Verdächtige sagt, sie sei reingelegt worden
Neben dem getöteten Militärblogger wurden bei der Bombenexplosion mehr als 30 Menschen verletzt. Die Reaktion Prigoschins deutet laut dem US-Thinktank Institute for the Study of War (ISW) darauf hin, dass Prigoschin wahrscheinlich glaubt, der Anschlag sei zum Teil gegen ihn gerichtet gewesen. Die «vagen Anschuldigungen einer Kampagne gegen Wagner lassen vermuten, dass Prigoschin wahrscheinlich versucht, den Vorfall indirekt als Angriff auf ihn darzustellen», heisst es im ISW-Lagebericht zum Ukraine-Krieg vom Dienstag.
Nach dem Anschlag verhaftete die Polizei eine Verdächtige. Darja T.* (26) hatte die Büste, in der der Sprengsatz versteckt war, ins Café gebracht und an Tatarski überreicht. T. wurde inzwischen nach Moskau überstellt und von den Behörden befragt. Die Frau erklärte, sie sei reingelegt worden. Auf die Frage der Ermittler, ob sie wusste, dass die Statue einen Sprengsatz enthielt, antwortete sie: «Das wurde mir nicht ausdrücklich gesagt, aber ich habe etwas Schlimmes vermutet.»
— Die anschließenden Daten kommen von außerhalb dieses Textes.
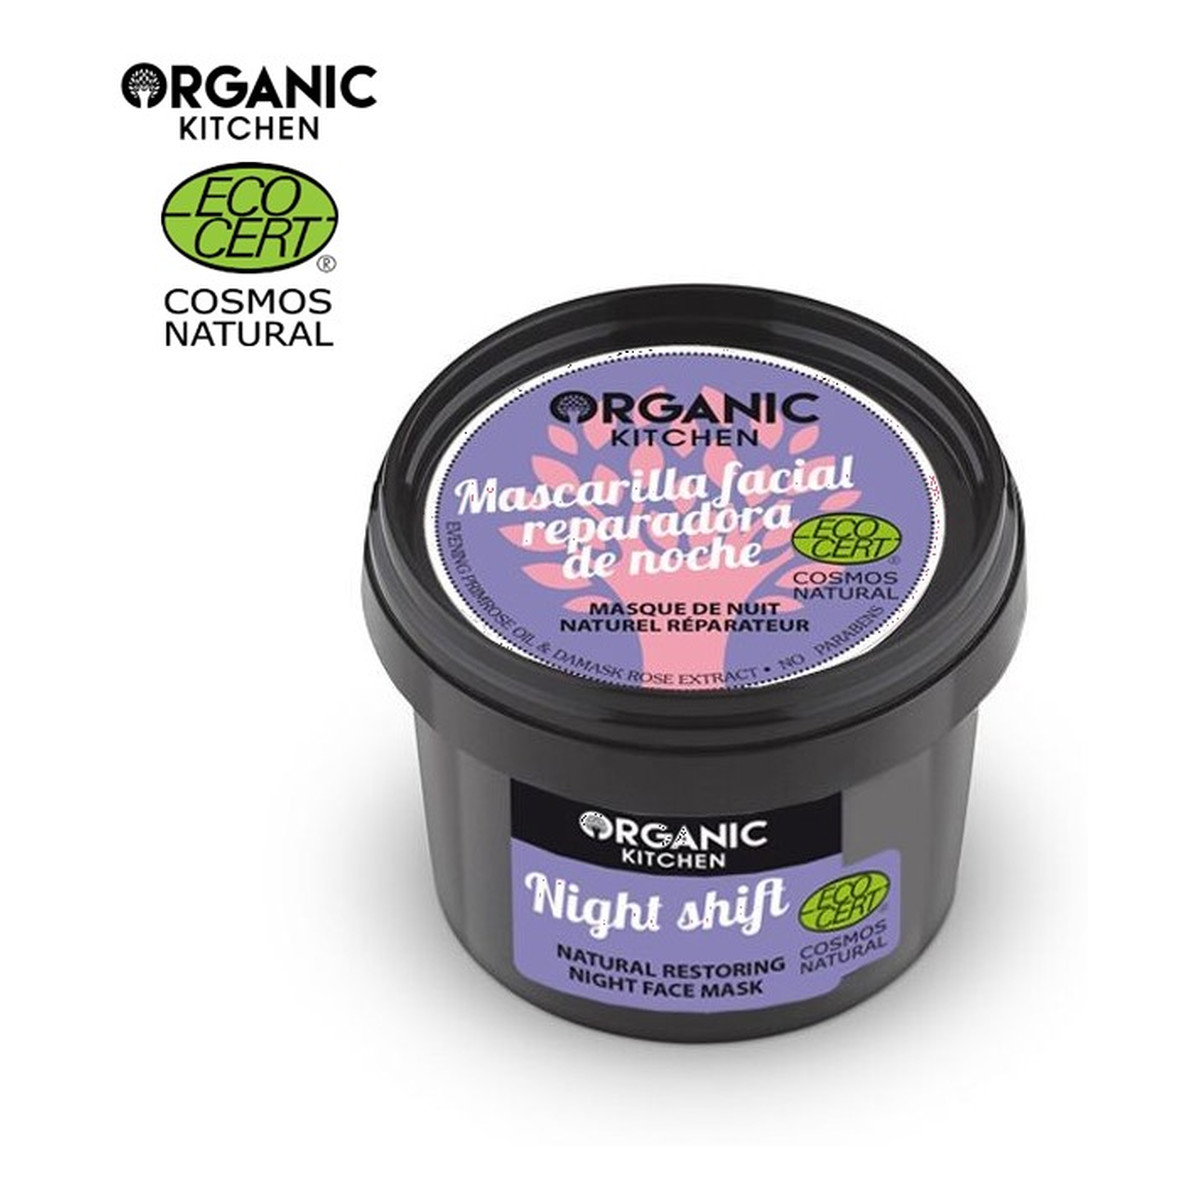 Organic Kitchen Nocna zmiana Naturalna regeneracyjna maska do twarzy na noc 100ml
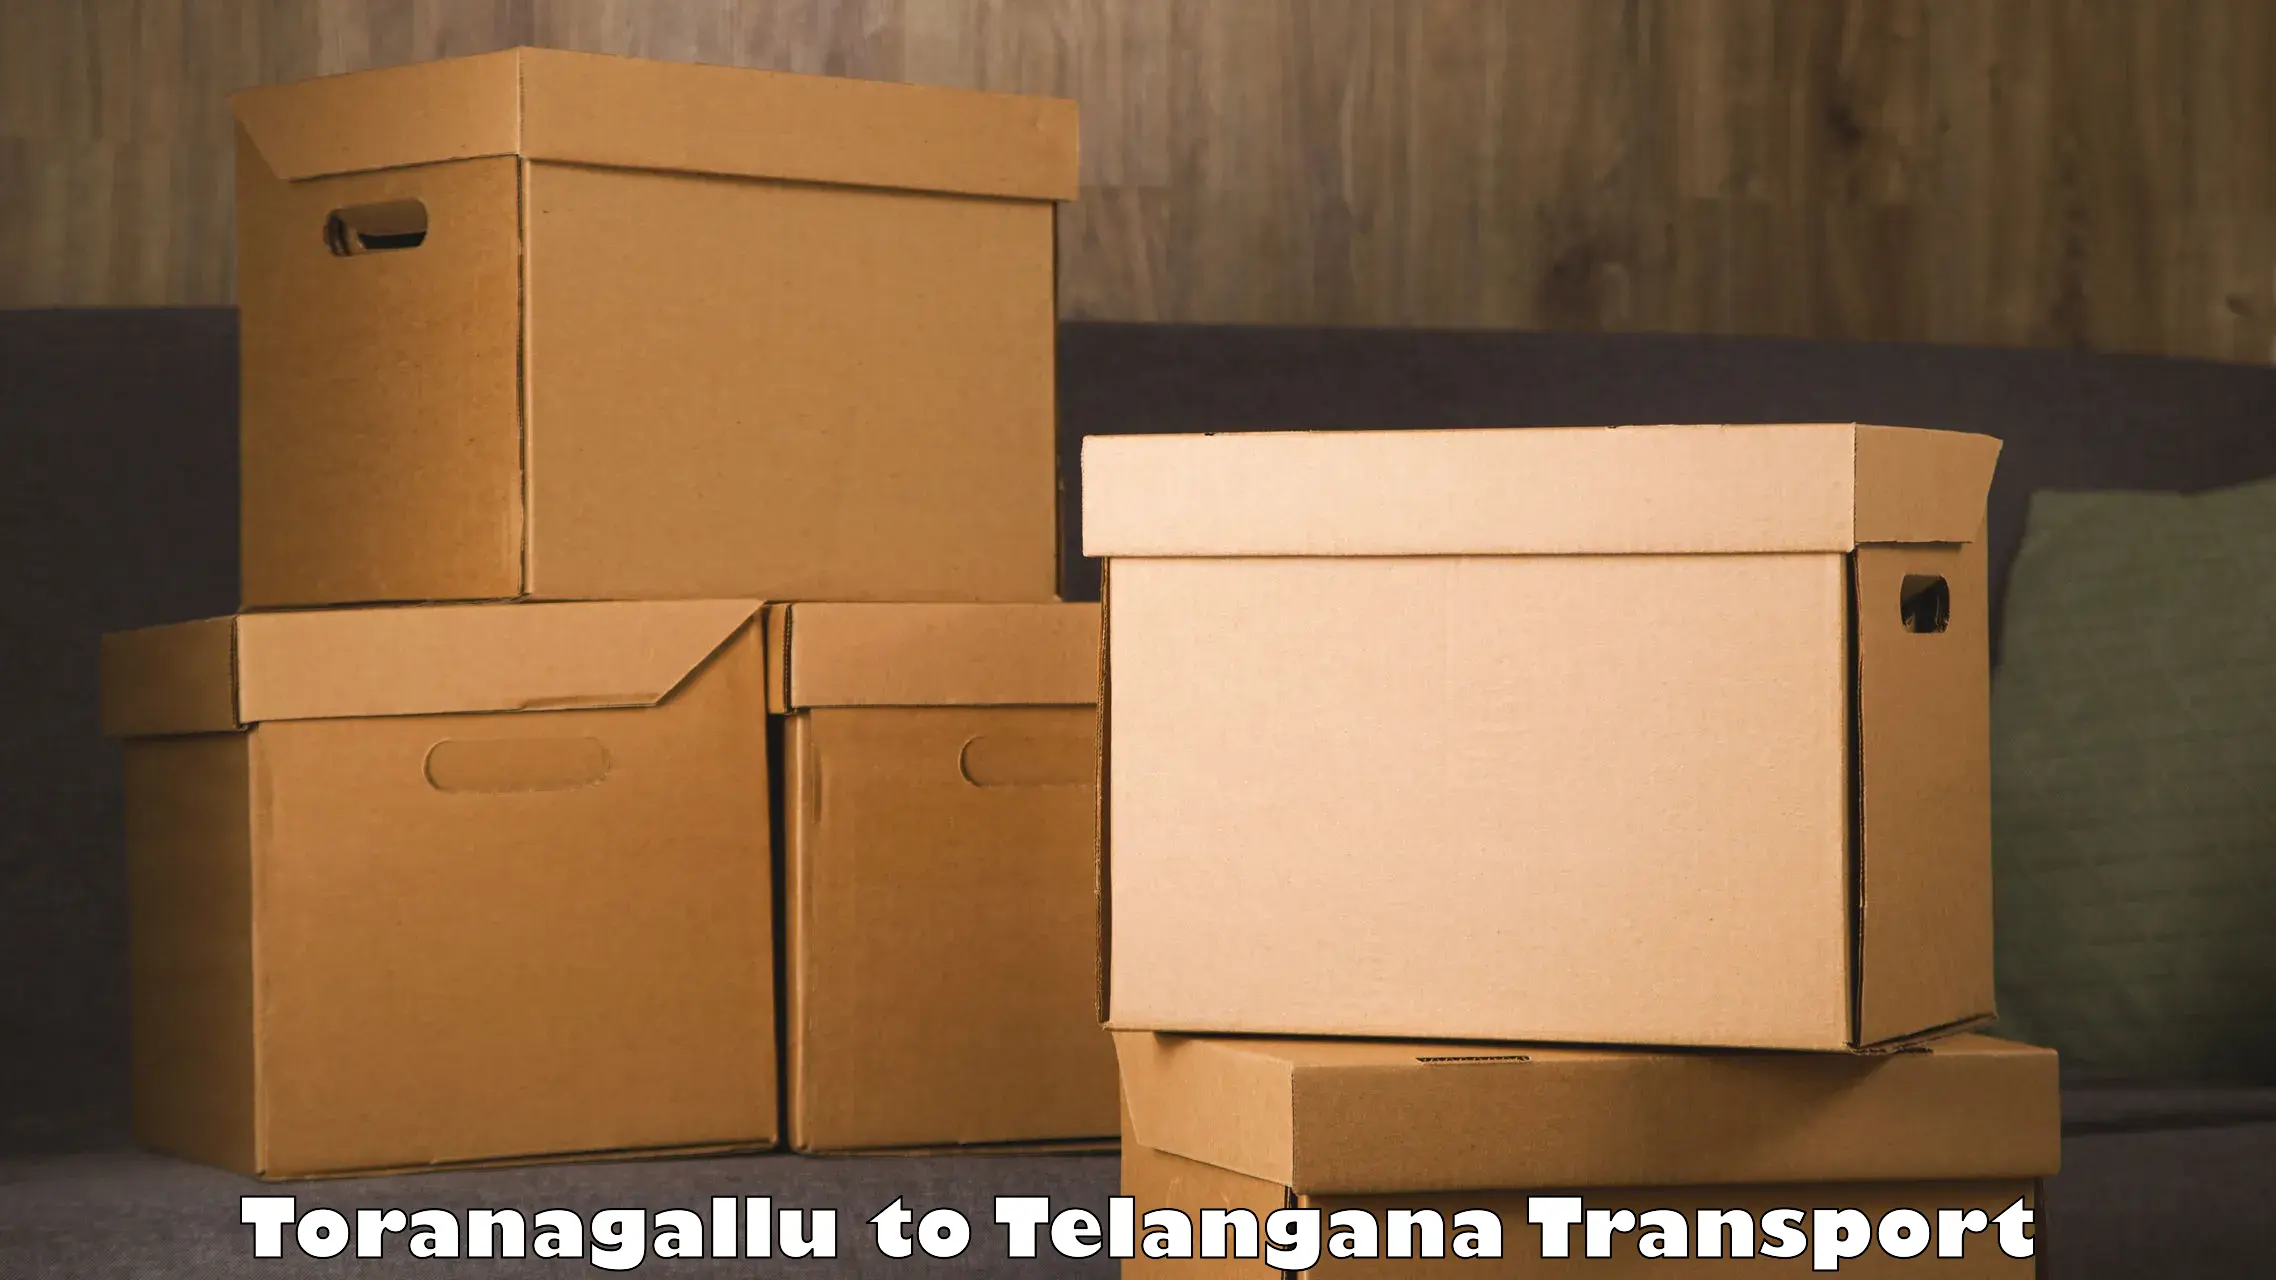 Container transport service Toranagallu to Jainad

Sprengsatz von Moskauer Taxifahrer erhalten
T. war auch nach der Übergabe der Büste im Café geblieben. Angeblich vermutete sie, dass eine Wanze darin versteckt war, um Tatarski auszuhorchen. Laut einem Bericht des russischen Portals Fontanka stand T. über Telegram in Kontakt mit einem Aktivisten, dessen Identität noch ungeklärt ist. Dieser habe der Kriegsgegnerin vorgeschlagen, als Journalistin für ein Medium in Kiew zu arbeiten. Zunächst habe sie jedoch mit der Erledigung verschiedener Aufgaben ihre Eignung unter Beweis stellen müssen, russische Propaganda zu bekämpfen.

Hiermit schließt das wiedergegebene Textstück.